Сестры еще вчера вечером прознали о захваченном в плен сыне русского князя. Этой любопытной информацией поделился один словоохотливый дьякон-медик, которого заставили ассистировать коллеге, делавшему пленнику хирургическую операцию. Какую именно, дьякон не сообщил. Но то, что после операции Ярослав был сдан на попечение медицинской службы Главного Магистрата, говорило о том, что княжичу не требовалось сложного курса реабилитационной терапии. Нас же это слабо утешило. Ярославу подлечили раны, видимо, полученные им при пленении, однако сразу за этим бросили его в клетку к хищникам. Цели хищников были пока не ясны, но вряд ли в магистратских подвалах княжича ожидали теплый прием и обходительное отношение.
Я спросил у Клаудии, не известно ли ей о какой-либо готовящейся в ближайшие дни публичной экзекуции над пленными язычниками, на которой Пророк мог предать Ярослава сожжению. Настоятельница ответила, что, если бы нечто такое планировалось, Сестры были бы в курсе. Что ж, одно опасение отпадало. К сожалению, таковых в нашем списке имелось еще достаточно. Глас Господень обладал богатой фантазией и мог решить участь пленника десятками всевозможных способов.
Другой информацией о русском пленнике Сестры пока не владели, но это не означало, что за сутки или двое из Магистрата не поступят еще какие-нибудь сведения. Тем более что в данный момент ватиканское представительство Ордена не вело так рьяно, как прежде, отлов отступников и переключилось на борьбу со внешней угрозой. Множество магистров, занятых на дознаниях военнопленных, приходили после тяжелого служебного дня развлечься в монастырь Святой Изольды, и каждый из Божественных Судей являлся потенциальным источником нужной нам информации. Здесь, у Сестер, наши шансы получить исчерпывающие данные о Ярославе оказывались выше, чем где бы то ни было.

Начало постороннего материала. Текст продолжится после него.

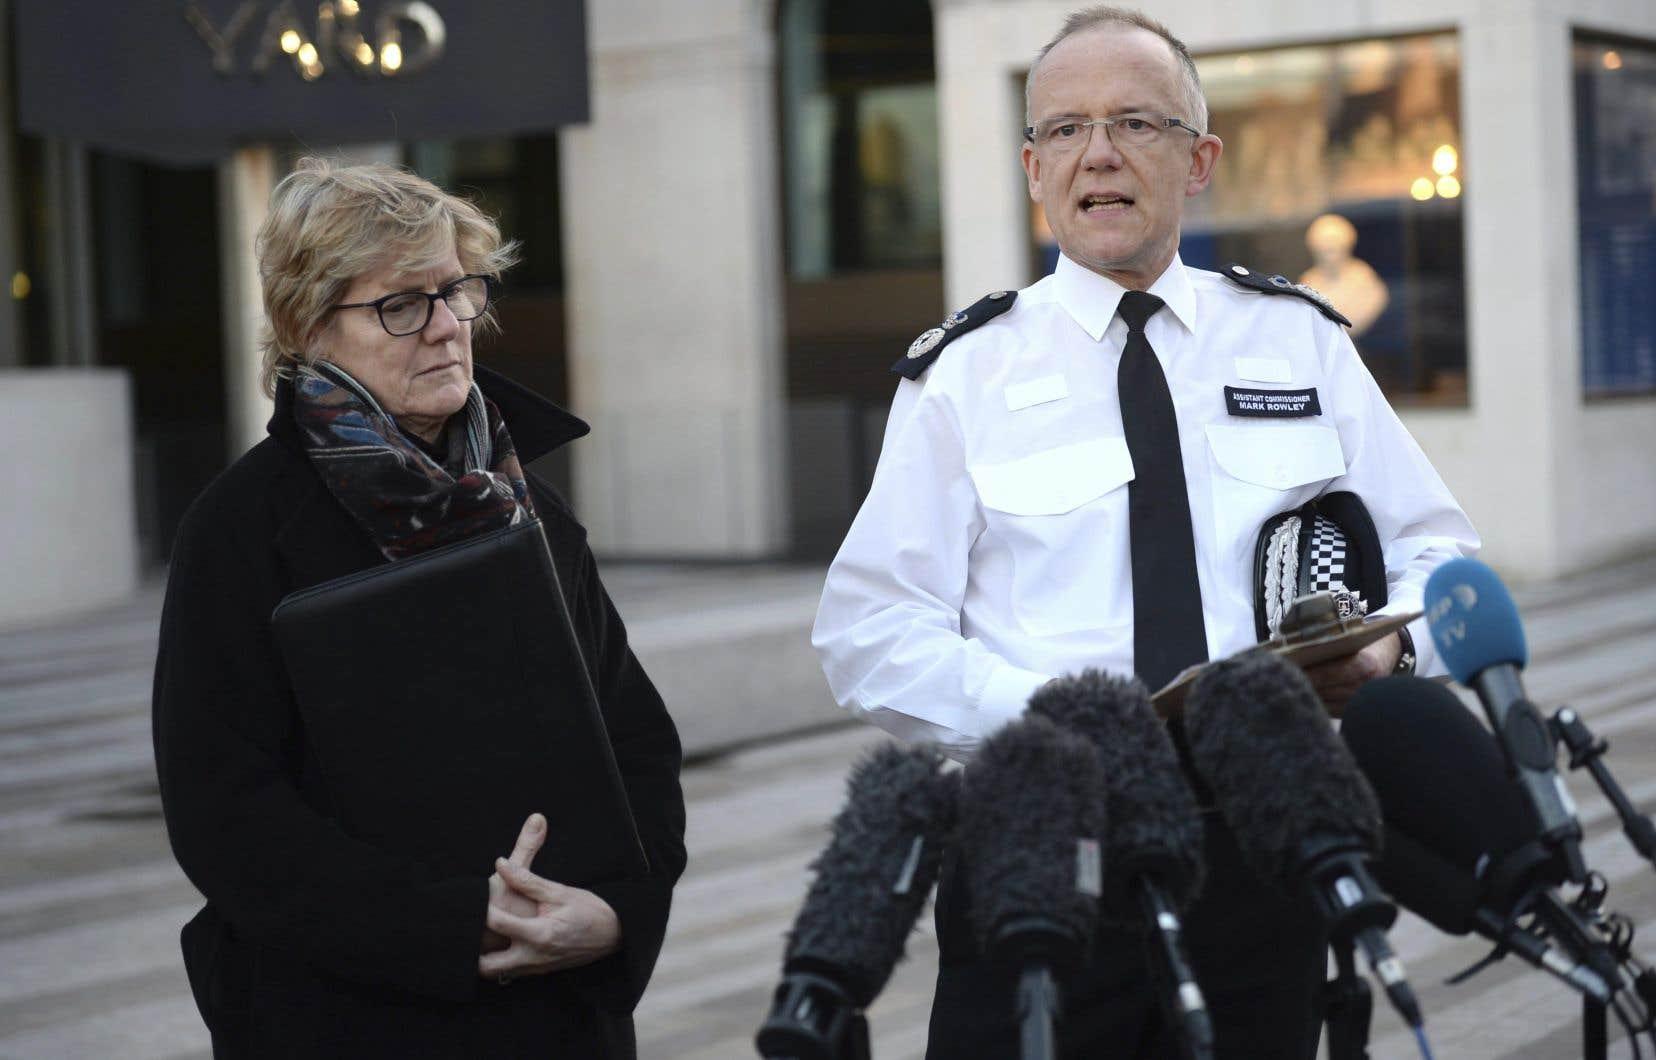 Point de presse du chef de la police antiterroriste Mark Rowley, accompagné du docteur Sally Davies, devant le siège de Scotland Yard à Londres
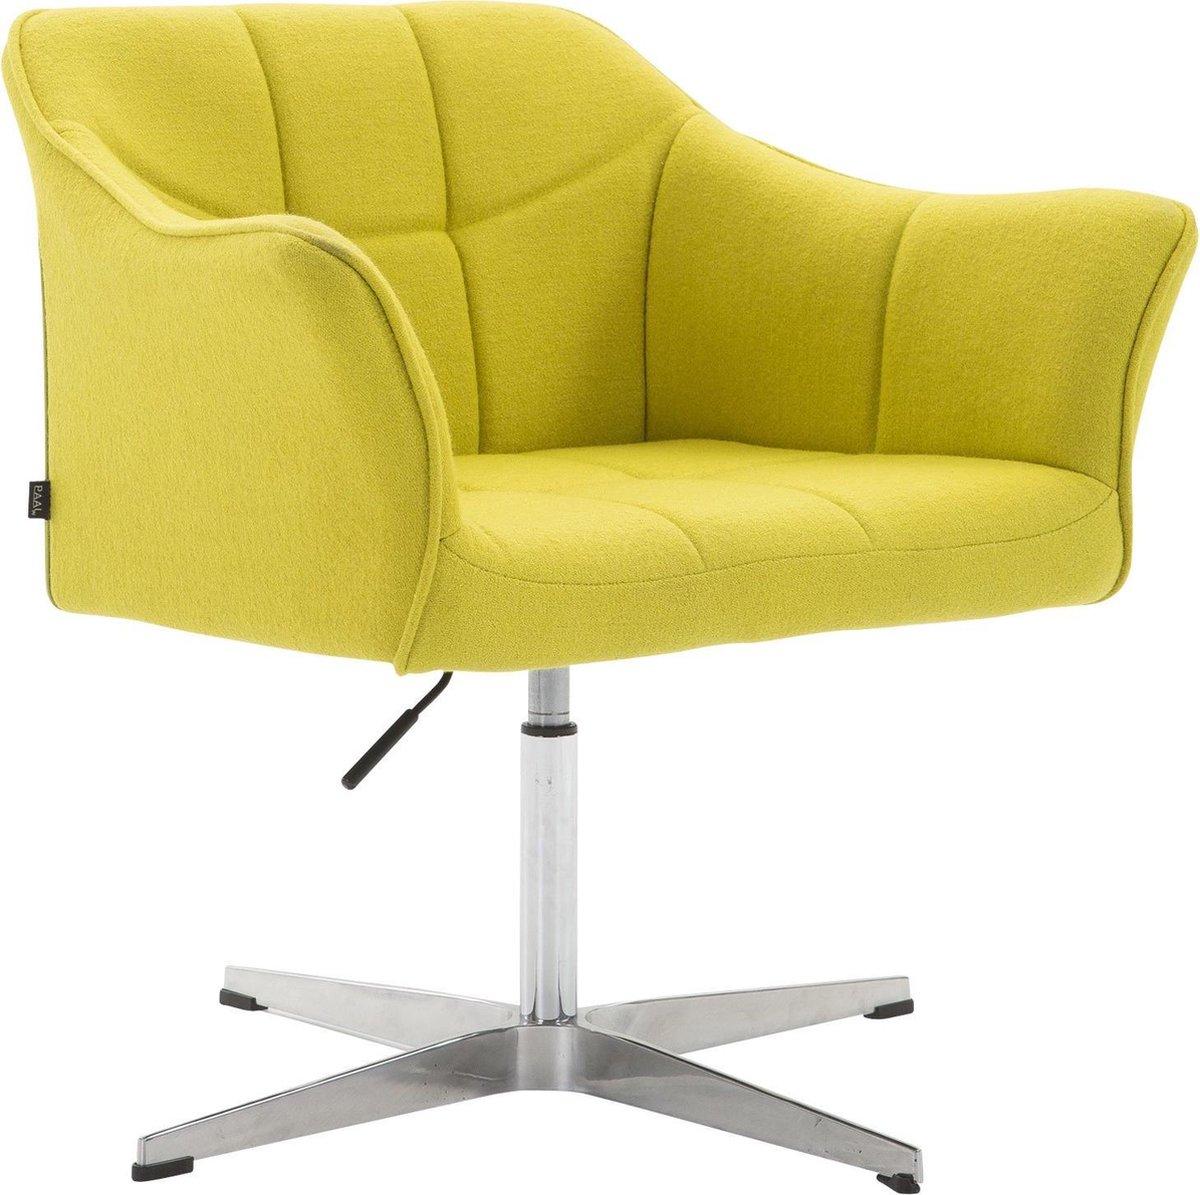 Clp Lounger JEAN, eetkamerstoel, relaxstoel, vergaderstoel, woonkamerstoel, wachtkamerstoel, in hoogte verstelbare fauteuil, Zithoogte van 41 54 cm,

Я приготовился к беспокойной ночи – излюбленному времени норманнов для бомбардировок, – но она прошла на удивление мирно. Выспавшись днем, я до самого рассвета проворочался в ожидании канонады, однако она так и не разразилась. Все это выглядело очень странно: я не сомневался, что после гибели сына и диверсионной группы датчан Вороний Коготь впадет в ярость, из-за чего, вполне вероятно, не только участит артналеты, но и предпримет новую попытку штурма.
Торвальд Грингсон вел себя с точностью до наоборот, и от этого тихая ночь – первая спокойная ночь для ватиканцев со дня начала осады – вызывала во мне еще больше беспокойства, чем будь она наполнена взрывами и свистом мин. Свирепого норманнского хищника огрели палкой, а он, вопреки всякой логике, вдруг поджал хвост и присмирел. Что же скрывалось за этой нехарактерной для «башмачников» кротостью?